Cynthia rested her beer on the railing and stood out of her chair as I came up the porch steps.
“Hey,” she said. I was expecting her to offer me a cold one, and when she didn’t I wondered whether I’d come at a bad time. Worry washed over her face. “Everything okay?”
“Everything’s fine,” I said.
“Grace is okay?” she asked.
“I told you, everything’s fine.”
Reassured, she sat back down and put her feet back up on the railing. I noticed that her phone was facedown on the arm of the wooden chair, holding down a health department flyer headlined, “Does Your Home Have Mold?”
“May I sit?”
She tipped her head toward the chair next to her.
I pointed to the flyer. “Problems with your new place? You show that to Barney and he’ll flip out.”
Cynthia glanced down at the flyer, shook her head. “It’s a new awareness campaign we’re doing. I’ve been talking about household mold so much lately I’m having nightmares where I’m being chased by fungus.”
“Like that movie,” I said.
“The Blob.”
“Was that fungus?”
“Fungus from outer space.”
She rested her head on the back of the chair, kept her feet perched on the railing. She sighed. “I never did this at home. Just decompressed at the end of the day.”
“That’s probably because we don’t have a porch with a railing,” I said. “I’ll build you one if you want.”
That prompted a chuckle. “You?”
Construction was not one of the manly arts at which I excelled. “Well, I could have someone build it. What I lack in hammering skills I make up for in writing checks.”
“I just—at home, there’s always something I have to do, right then. But here, when I get home from work, I sit here and watch the cars go by. That’s it. It gives me time to think. You know?”
“I guess.”
“I mean, you’ve got the summer to chill out.” She had me there. As a teacher, I had July and August to recharge my batteries. Cynthia had been working for the city only long enough to get a couple of weeks off every year. “So my holiday is an hour at the end of every day, where I sit here and do nothing.”
“Good,” I said. “If this is working for you, then I’m happy.”
She turned and looked at me. “No, you’re not.”
“I just want what’s good for you.”
“I don’t know anymore what’s good for me.

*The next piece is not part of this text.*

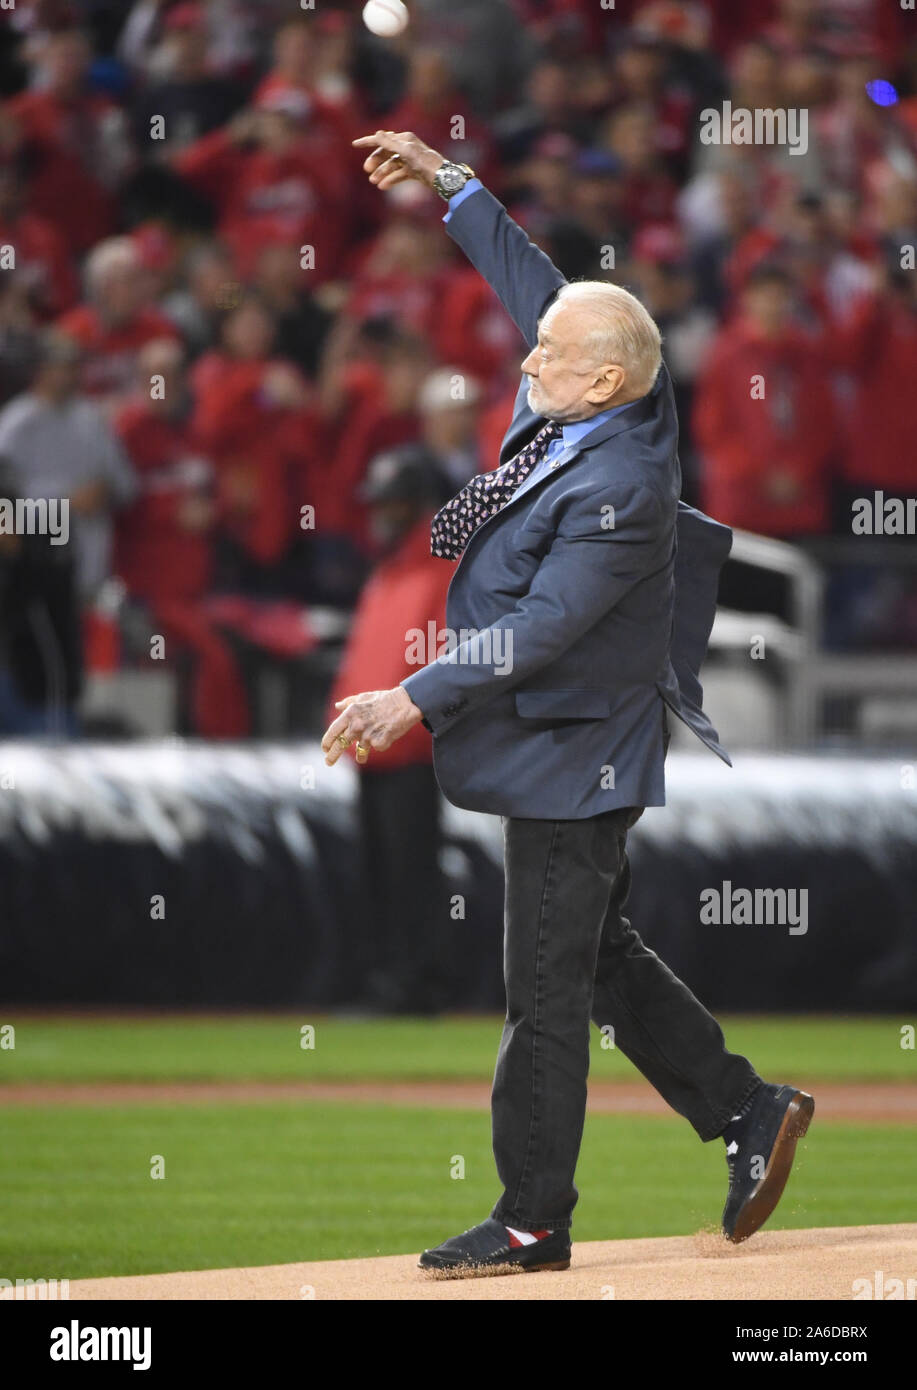 Washington, United States. 25th Oct, 2019. Dr. Col. Buzz Aldrin, astronaut and crew member of the Apollo 11 mission, throws a ceremonial first pitch during ceremonies before the start of Game 3 of the 2019 World Series between the Washington Nationals and the Houston Astros at Nationals Park in Washington, DC on Friday, October 25, 2019. Photo by Kevin Dietsch/UPI Credit: UPI/Alamy Live News Stock Photo
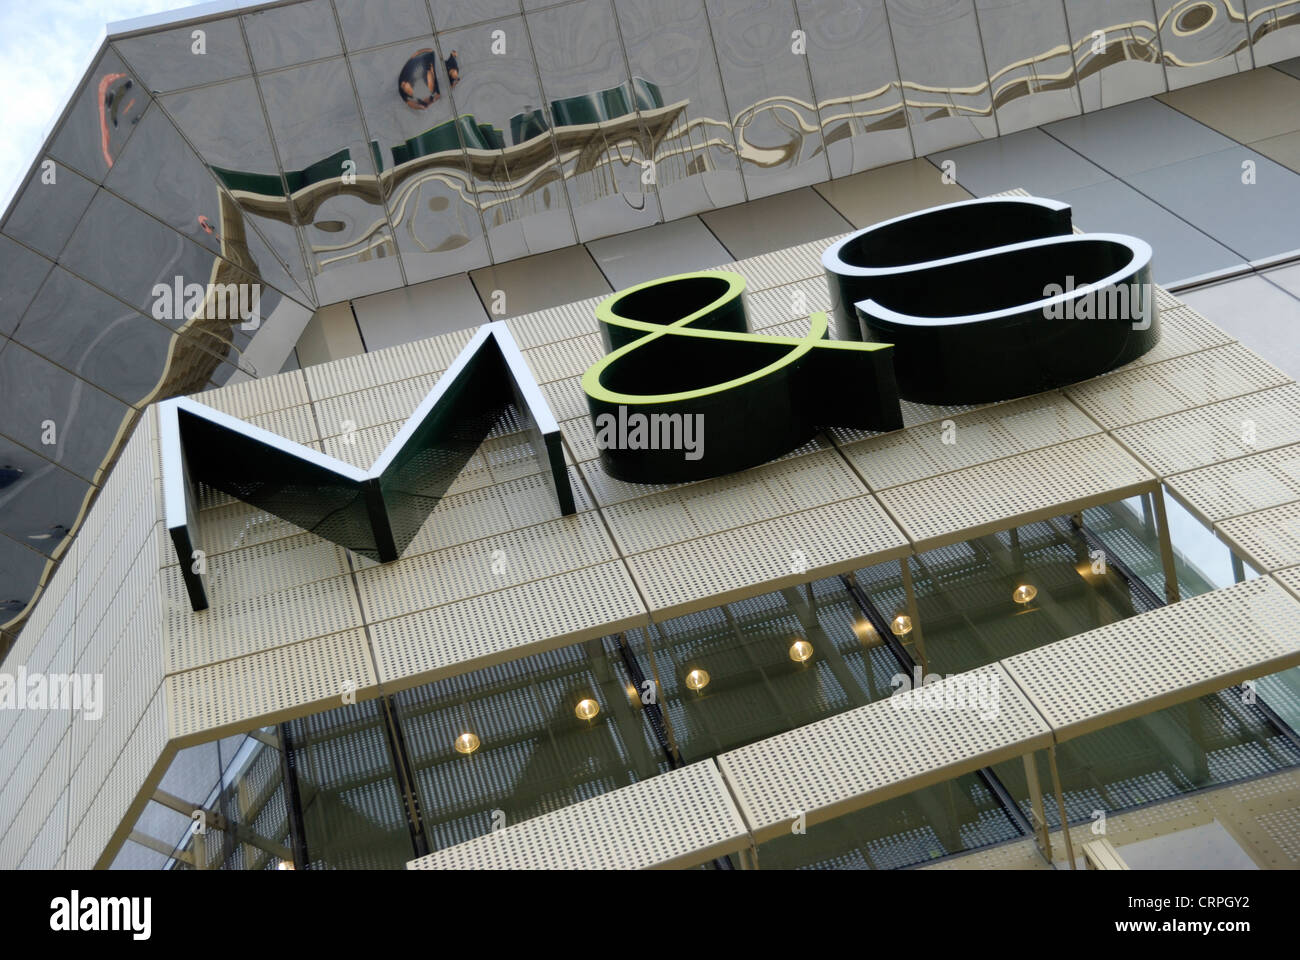 M & S (Marks & Spencer) sign on their store at Westfield Stratford City. Stock Photo

I sit here thinking I’ve removed myself from the source of my anxiety, all the fighting and nonsense at home with Grace, and then I realize I’m the source of my anxiety and I can’t get away from myself.”
“There’s a Garrison Keillor story,” I said, “about the old couple who can’t get along, wondering whether to take a vacation, and the man says, ‘Why pay good money to be miserable someplace else when I can be perfectly miserable at home.’ ”
She frowned. “You think we’re an old couple?”
“That wasn’t the point of the story.”
“I won’t stay here forever,” Cynthia said, having to raise her voice some as Barney shifted his mowing activity to the front yard. The smell of freshly cut grass wafted our way. “I’m taking it a day at a time.”
As much as I wanted her to come home, I wasn’t going to beg her. She had to do it when she was good and ready.
“What have you told Teresa?” Cynthia asked. Teresa Moretti, the woman who came in to clean our place once a week. Four or five years ago, when Cynthia and I found ourselves so busy we couldn’t seem to get to the most basic household chores, we’d asked around about a cleaning lady and found Teresa. Even though I was off for the summer and possessed the requisite skills to tidy a house, Cynthia thought it was unfair to Teresa to lay her off for July and August.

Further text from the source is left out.